Later, the men are captured by an indigenous tribe, who ultimately release them. The bedraggled survivors are nearing home, but the captain tells Zama they cannot return without Vicuña Porto, prompting Zama to reveal Vicuña Porto's identity. Porto, however, retains the loyalties of the remainder of the group, and his men tie up Zama and the captain. The men kill the captain and let Zama live as they believe he has information about hidden jewels that will make them rich (actually some worthless geodes mentioned in Ventura's book). When Zama tells them no such riches exist, they cut off his hands. Zama manages to survive but his future is uncertain as he awakes with no hands on a raft, having been rescued by an indigenous man and child.
Director Nicolás Sarquís began attempting a filmed adaptation of Zama around 1984, but was never completed. It was later to be featured in the 2018 experimental documentary film La Película Infinita.[9]

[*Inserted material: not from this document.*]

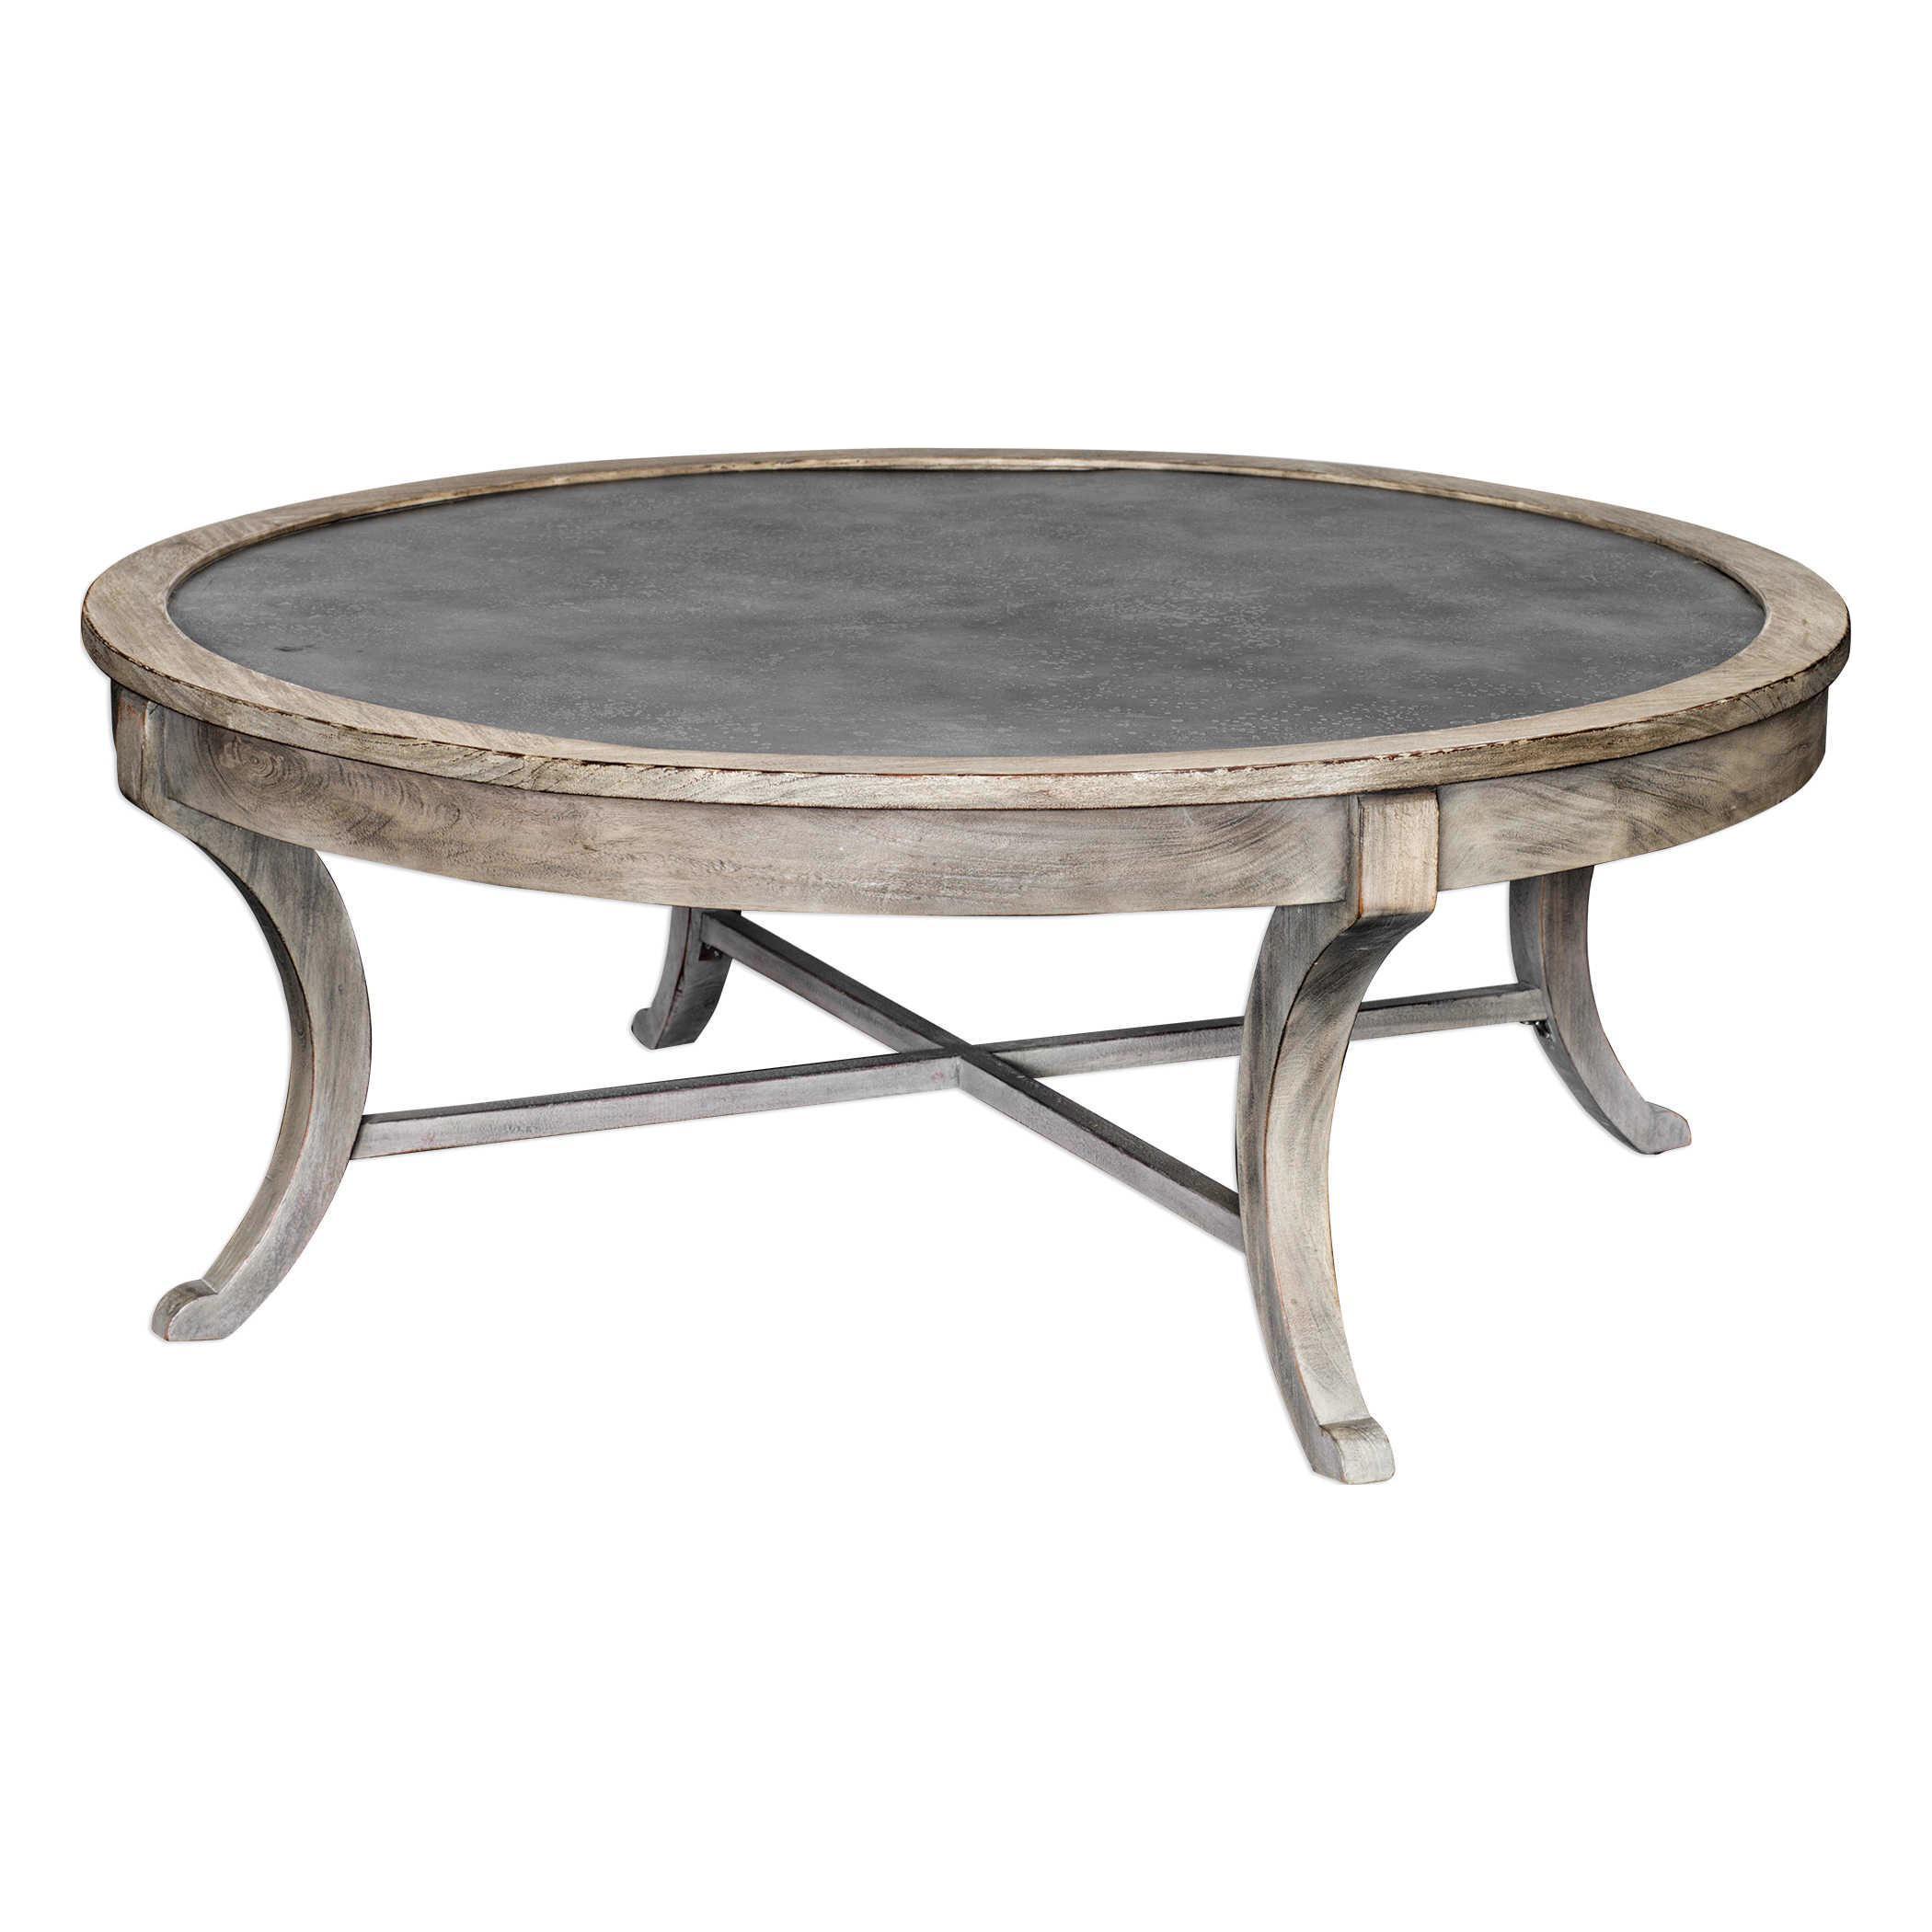 - Distressed Mahogany Round Coffee Table Chairish

The film had a slow production process with Martel first announcing her attachment to the film in 2012.[10] The film was rumoured to begin filming by 2014, but a still was released in May 2015 shortly after filming actually began.[11] The film then spent two years in post-production after Martel learned she had cancer and she struggled to maintain her health and complete the film.[12]
Zama received widespread acclaim from critics. On review aggregator website Rotten Tomatoes the film has an approval rating of 95% based on 85 reviews, with an average rating of 8.3/10. The website's critical consensus states, "Zama offers a series of scathingly insightful observations about colonialism and class dynamics — and satisfyingly ends a long wait between projects from writer-director Lucrecia Martel."[13] Metacritic, another review aggregator, assigned the film a weighted average score of 88 out of 100, based on 23 critics, indicating "universal acclaim".[14] Following its screening at the Toronto International Film Festival, The A.V. Clubs A.A. Dowd gave the film a B+ grade and wrote: "Zama, despite its setting, isn’t such a radical departure for Martel; it preserves her talent for tracking an individual through chaotic social spheres".[15]
Upon its theatrical release, Zama received universal acclaim from the Argentine press. On the Argentine website Todas Las Críticas, which collects local reviews, the film has an average rating of 82 out of 100 and an approval rating of 88%, based on 41 reviews.[16] Luciano Monteagudo of Página/12 praised Martel's direction and considered Zama to be "a new peak in her work, a film with a visual and sound complexity that is out of the norm in contemporary cinema, capable of breaking with narrative linearity to go in search of a colonial past that can only be imagined in a fragmentary way, as one who explores his identity in the remnants of what is called History."[17] An enthusiastic review came from Claríns Pablo O. Scholz, who called it "an invitation to the senses, a film that floods, overflows in more than one meaning" and a "captivating experience."[18] Writing for La Nación, María Fernanda Mugica stated that Zama was "work of art that requires an attentive, patient and open viewer", feeling that "it is admired since the first shot but it begins to be better appreciated later, when the fascination for the beauty of the images and the intensity of the sounds leave room in the viewer for a connection with the frustration experienced by its protagonist".[19] Writing for Otros Cines, Diego Batlle gave the film the highest rating and compared it to the works of Terrence Malick, Werner Herzog, John Ford and Claire Denis, while stating: "but Martel's cinema is unique, non-transferable, inimitable, incomparable."[20]
In 2019 TIFF Cinematheque named the film the best film of the decade as voted on by Canadian journalists, critics, and historians.[21]
Peter Bradshaw, chief film critic of The Guardian, listed the film as one of his ten votes for the Sight and Sound 2022 poll for the greatest films of all time.[22]